Stage Notes is a weekly aggregate post about theater, classical music and stage news, events, reviews and other pertinent information.
Review: DTC’s Native Gardens is worth the tendering
Dallas Theater Center’s production of Karen Zacarias’ comedy satire Native Gardens closes this weekend at the Kalita Humphreys Theater. But with its clever writing and strong cast, the show is a must-see before it is gone. Zacarias’ play touches on sensitive dialogues about race and prejudices but delivers the goods through wit and comedy in sitcom style fashion.
The first impression of Native Gardens was its gorgeous set that filled the Kalita stage. The stage was meticulously designed by Sara Ryung Clement depicting the backyards of two DC homes. There was no chintziness on the view either as both sides even offered some interiors of the house as well. The gardens and greenery looked lush on Virginia and Frank’s lawn with an envy-inducing patio. But even Tania and Pablo’s side, albeit a fixer-upper backyard, had wonderfully specific detail anchored by the large and looming oak tree.
The show centered on a pregnant Tania (Tiffany Solano) and Pablo (Christopher Ramirez) moving into their new home next to the more-mature couple Virginia (Sally Nystuen Vahle) and Bob (Frank Hess). Tania is working on her PhD while Pablo, from a wealthy Chilean family, establishes himself at his new law firm. Virginia is an engineer and Bob’s gardening enthusiasm has his eyes on the neighborhood prize for best garden taking the title away from a longtime rival.
In an effort to please his new coworkers, Pablo invites his firm to a backyard party where the couple decides a new fence can be put up in time. Only thing is, through a mixup, their property line has been mistakenly marked and actually extends into the neighbors’ yard where Bob’s garden is in full bloom for that weekend’s garden judging. What began as a neighborly issue turns into a debacle that was both poignant and hilarious.

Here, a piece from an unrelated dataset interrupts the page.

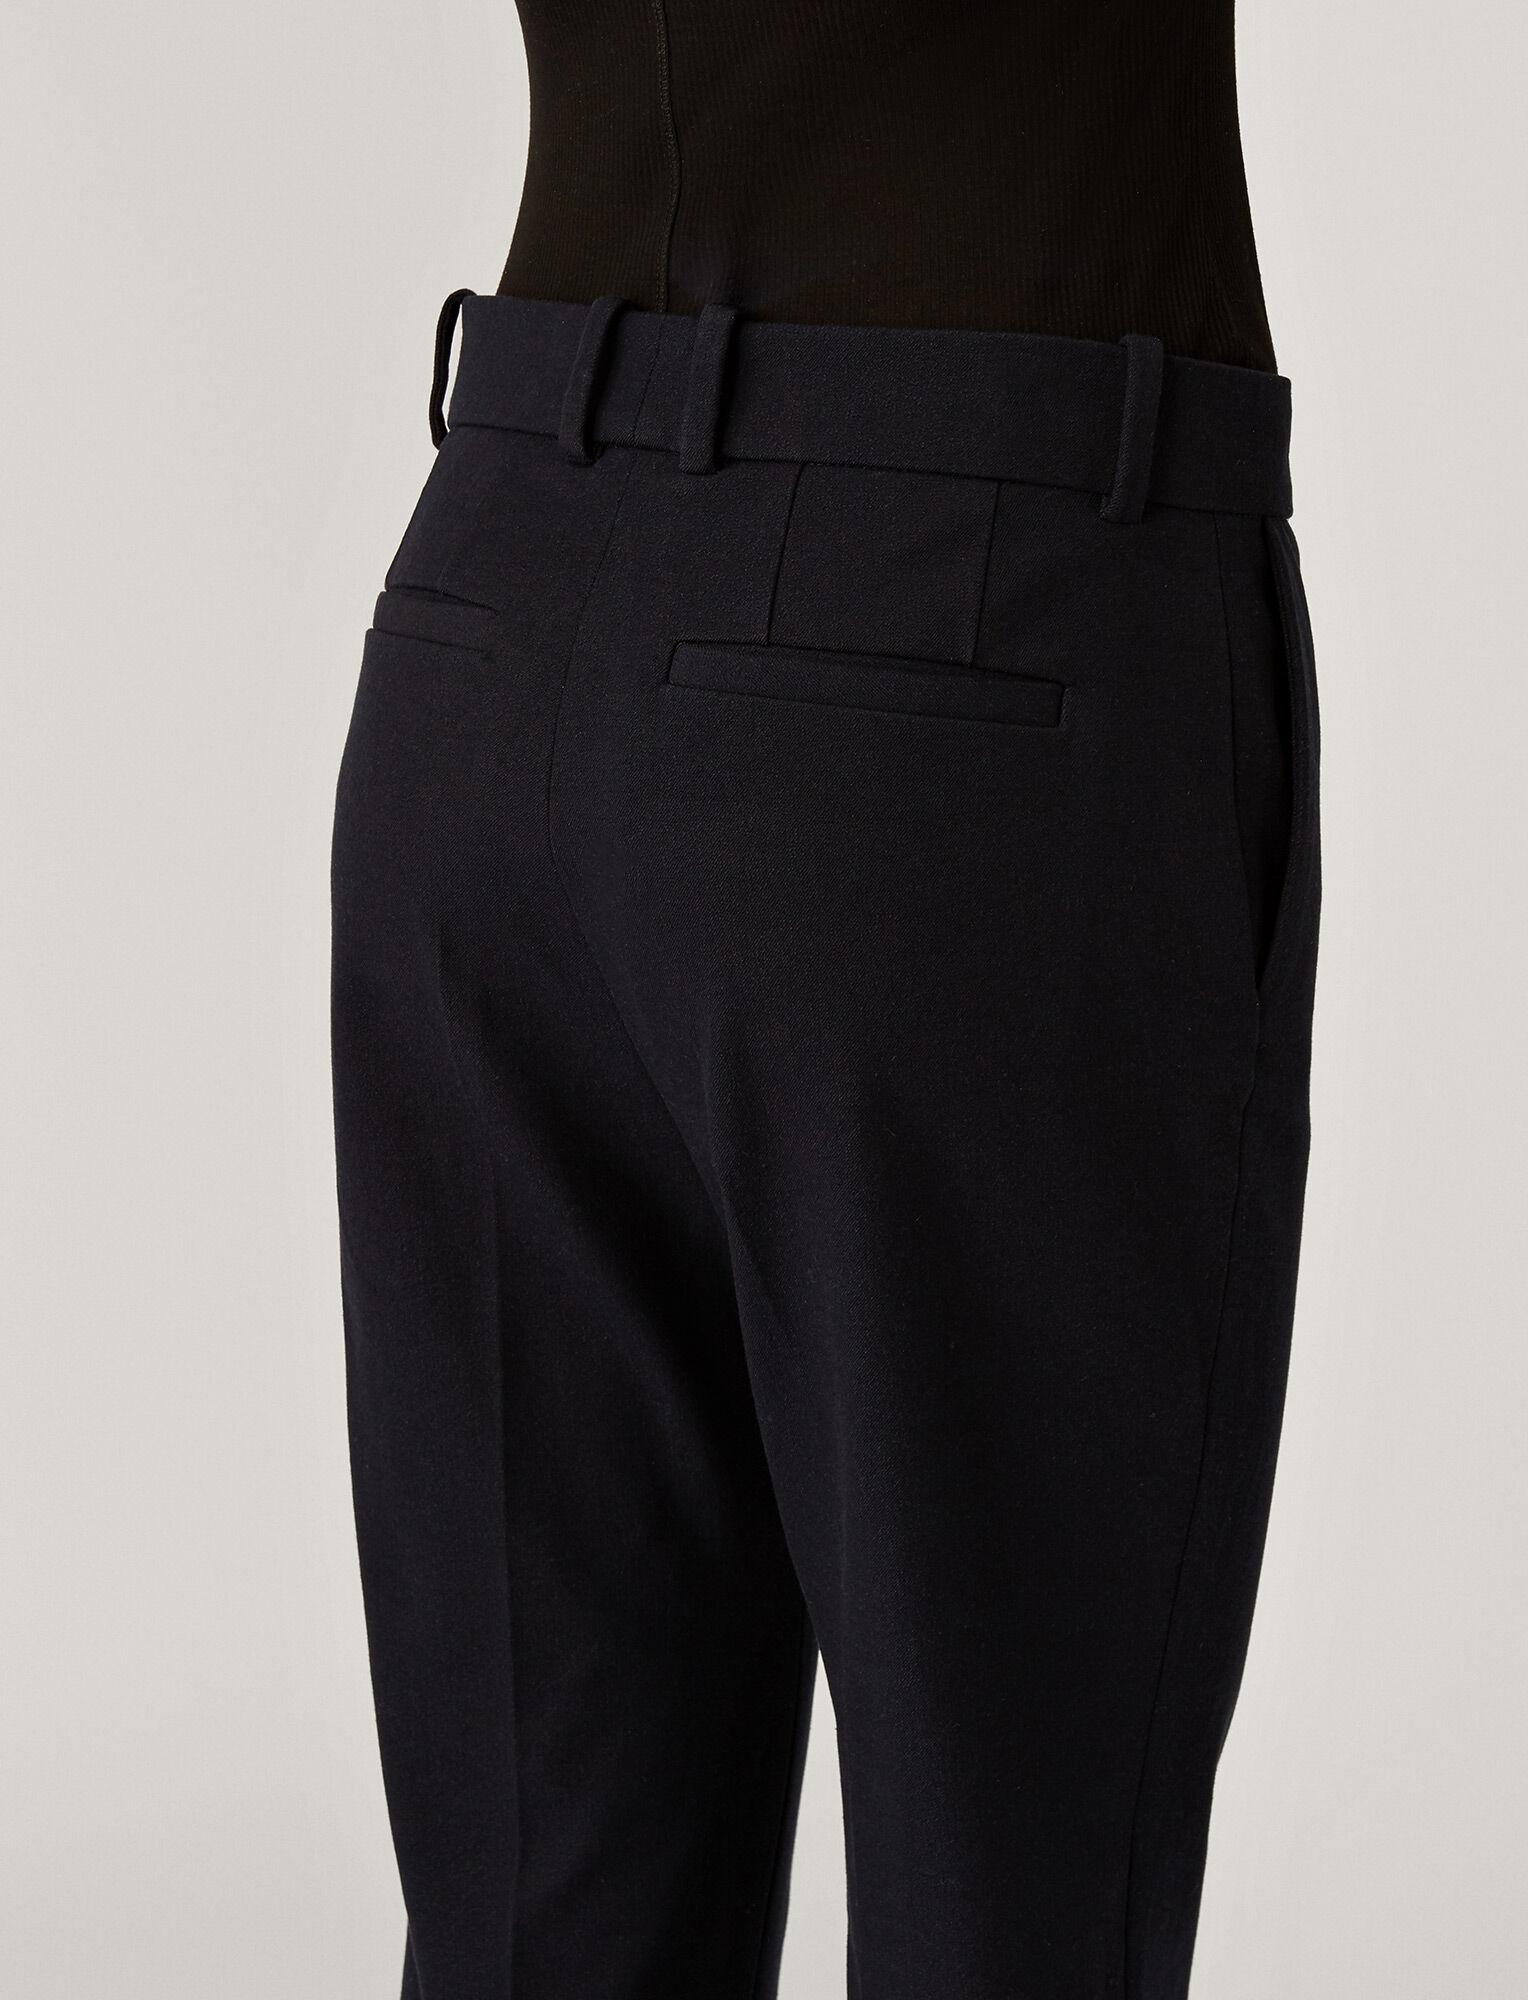 Joseph, Cole Gabardine Stretch Trousers, in NAVY

Director Sylvia Cervantes Blush had talked about giving the show a distinct sitcom feel and with that, the cast demonstratively delivered on their performances both through dialogue and physicality. Ramirez’s assiduous Pablo had all the trappings of a man trying to do right by everyone but getting caught in the middle. His character was written with a refreshing lack of any machismo but just hints of it where Ramirez succeeded in playing it with funny exuberance particularly when Solano’s Tania just isn’t having it. The two played their roles as equals but Solano added those touches that her character may have the final say. Yet they both played their characters with a charming naivete when it came to dealing with neighbors and diplomatic chatter, but also a fiery intensity when the ish starts to hit their liberal fan.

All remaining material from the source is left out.